**Dataset excerpts**
^^^^^^^^^^^^^^^^
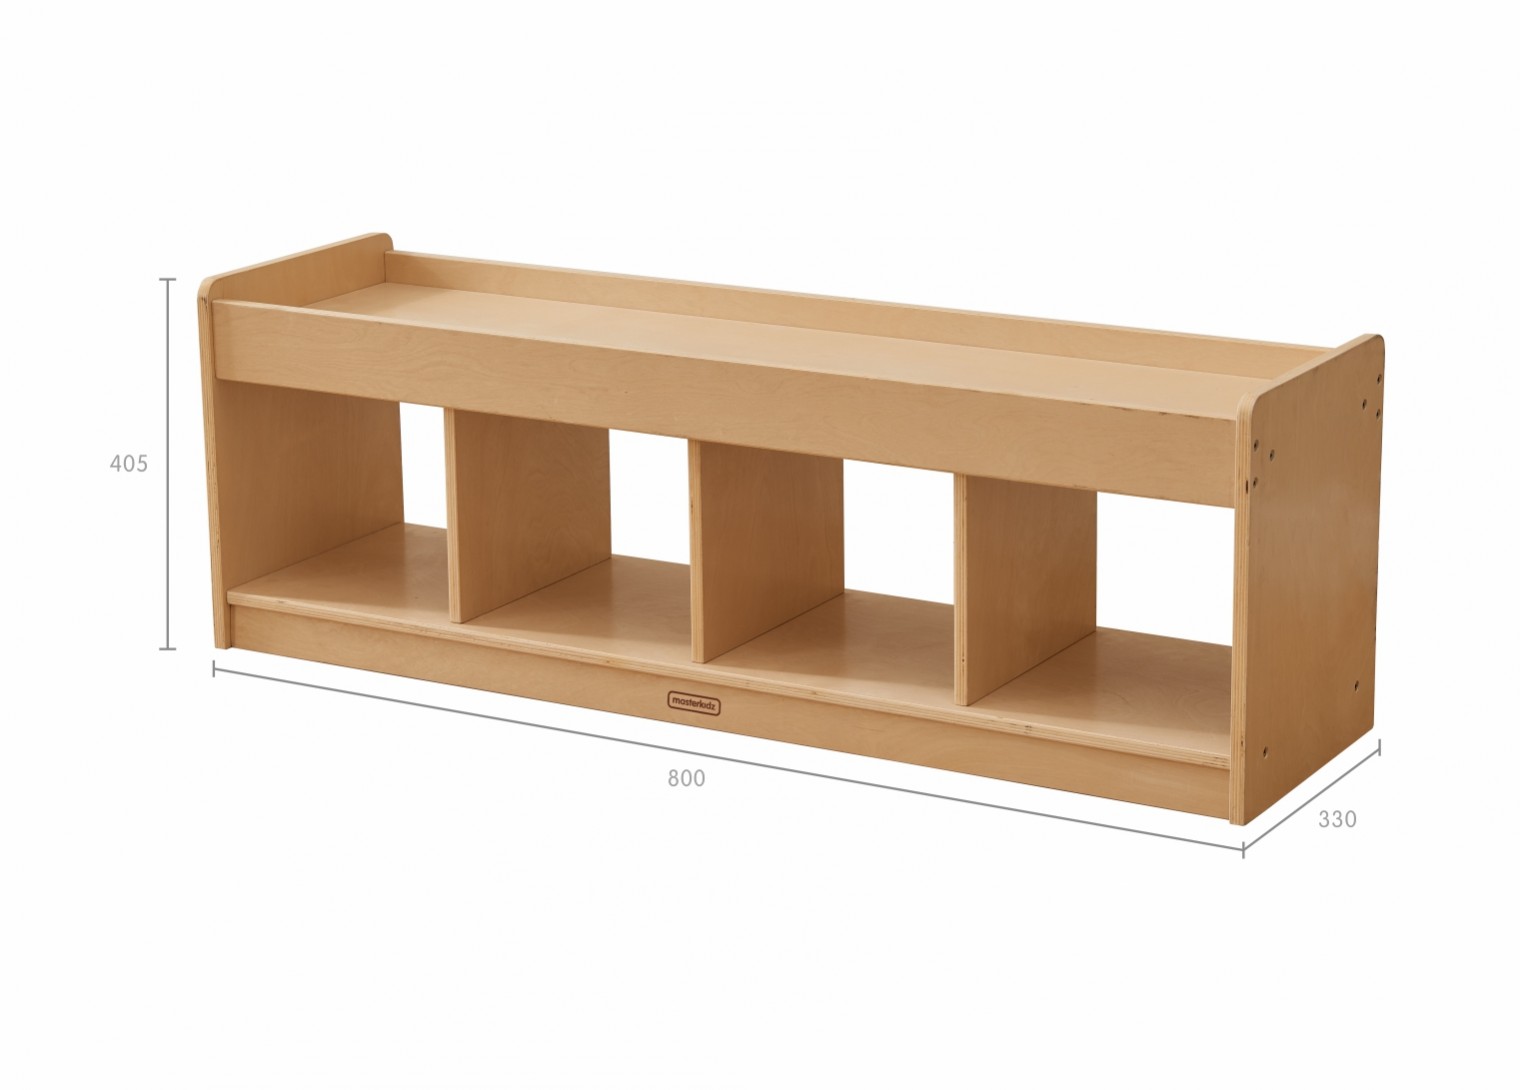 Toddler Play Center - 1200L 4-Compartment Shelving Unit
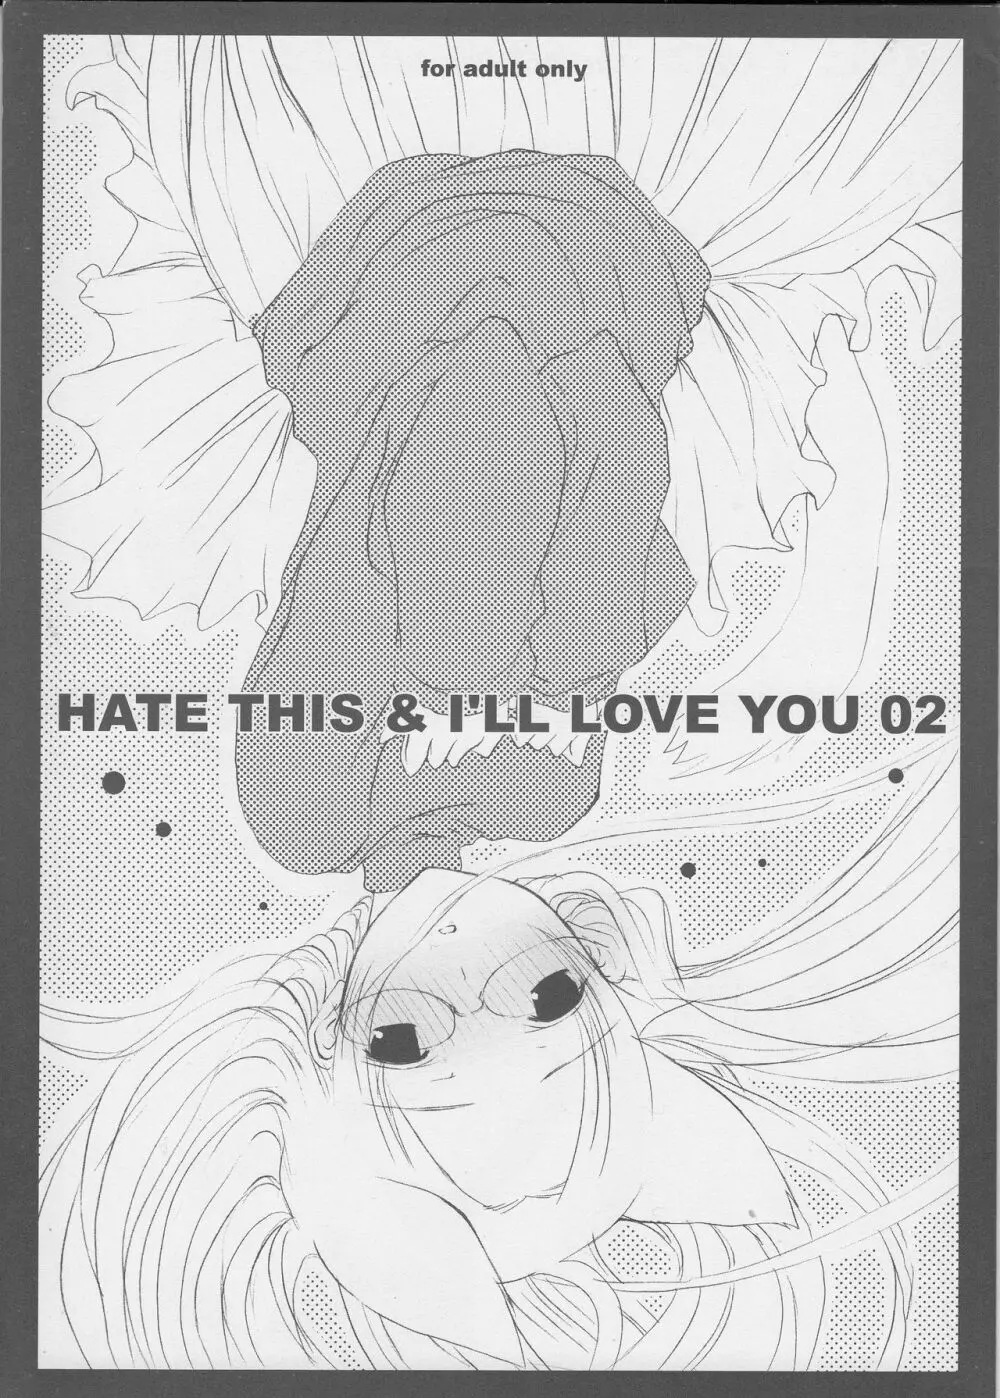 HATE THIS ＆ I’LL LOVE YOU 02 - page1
^^^^^^^^^^^^^^^^
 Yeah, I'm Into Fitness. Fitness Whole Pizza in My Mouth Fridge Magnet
^^^^^^^^^^^^^^^^
**Your task**
When you reach the line containing "Toddler Play Center" in the entries above, begin restating word for word, and stop once the line containing "HATE THIS ＆ I’LL LOVE YOU 02 - page1" has been given. Omit the pictures.

**Task answer**
 Toddler Play Center - 1200L 4-Compartment Shelving Unit
 HATE THIS ＆ I’LL LOVE YOU 02 - page1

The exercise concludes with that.